One of those issues was not fully appreciating the value and genius of the in-memory compression. At first, I was only thinking that RAM with no IO is just simply faster. But the compression/decompression cost that occurs in the CPUs, which results in a whole lot more CPU utilization, isn’t really much of a cost since those cores were under-utilized anyway. Another was the volatility issue of RAM. At the time solid state memory was still fringe and my thought was that even though volatility wouldn’t be much of an issue in the read-only BI world, but would be an issue in the OLTP world. Well, that doesn’t seem to be the case with Hekaton.

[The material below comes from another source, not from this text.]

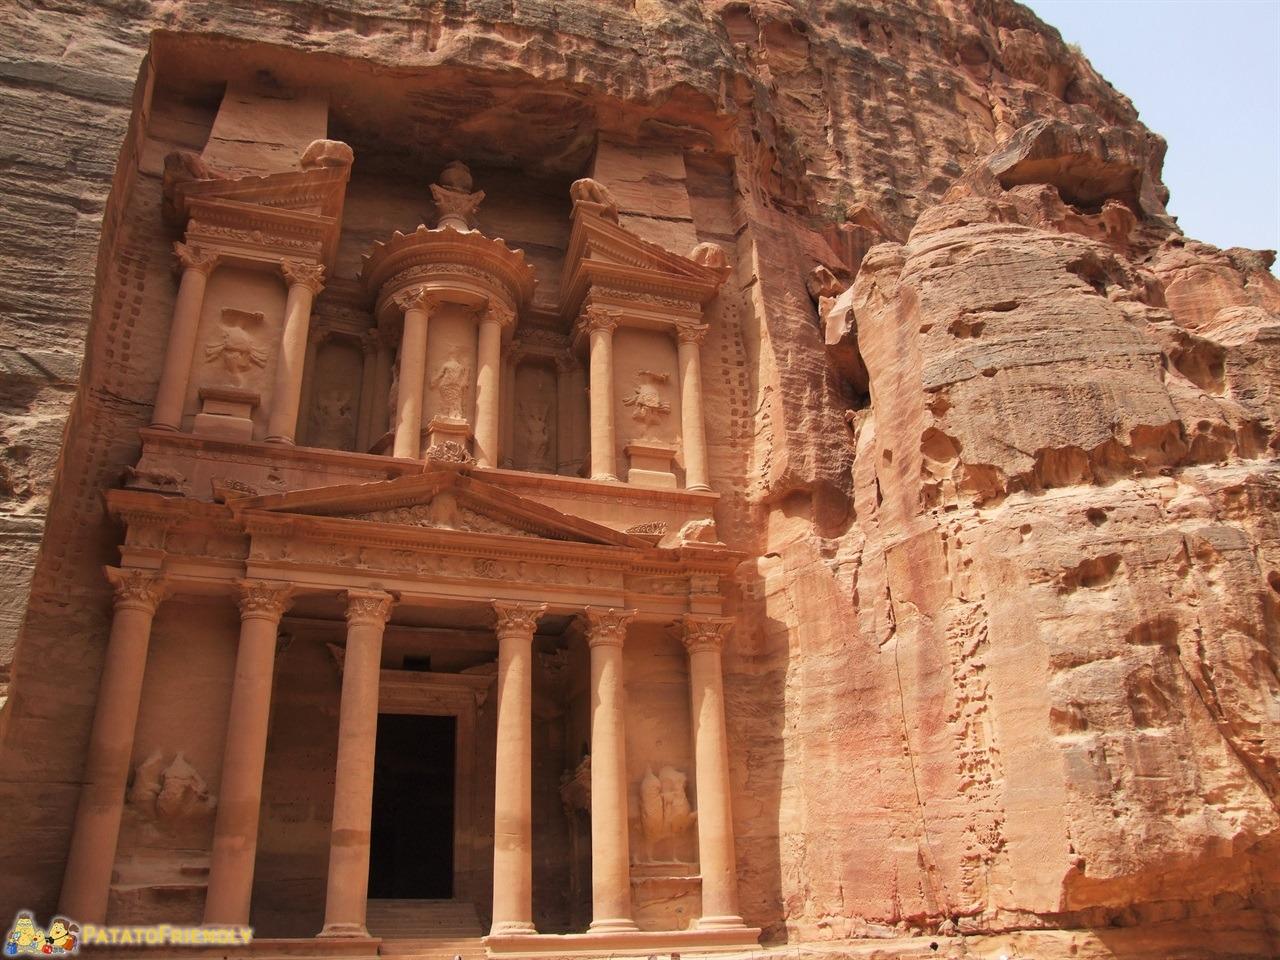 [cml_media_alt id='6748']Visitare Petra - Il Tesoro, il simbolo di Petra[/cml_media_alt]

After thinking for much of the night, here are two key questions I came up with that will determine whether OLAP (specifically SQL Server Analysis Services OLAP) will die:

  1. Is the question really more will hard drives (the kind we use today with the spinning wheels and all those moving parts) become obsolete? RAM and/or flash could neutrailize all the advantages of disks (cheaper, bigger, non-volatile) relatively soon.
  2. Will OLAP become minor enough in terms of utilization and product pull-through that Microsoft will no longer support a dev team? I can quickly think of a few Microsoft products with a strong but relatively small following that just didn’t warrant an infrastructure and were dumped.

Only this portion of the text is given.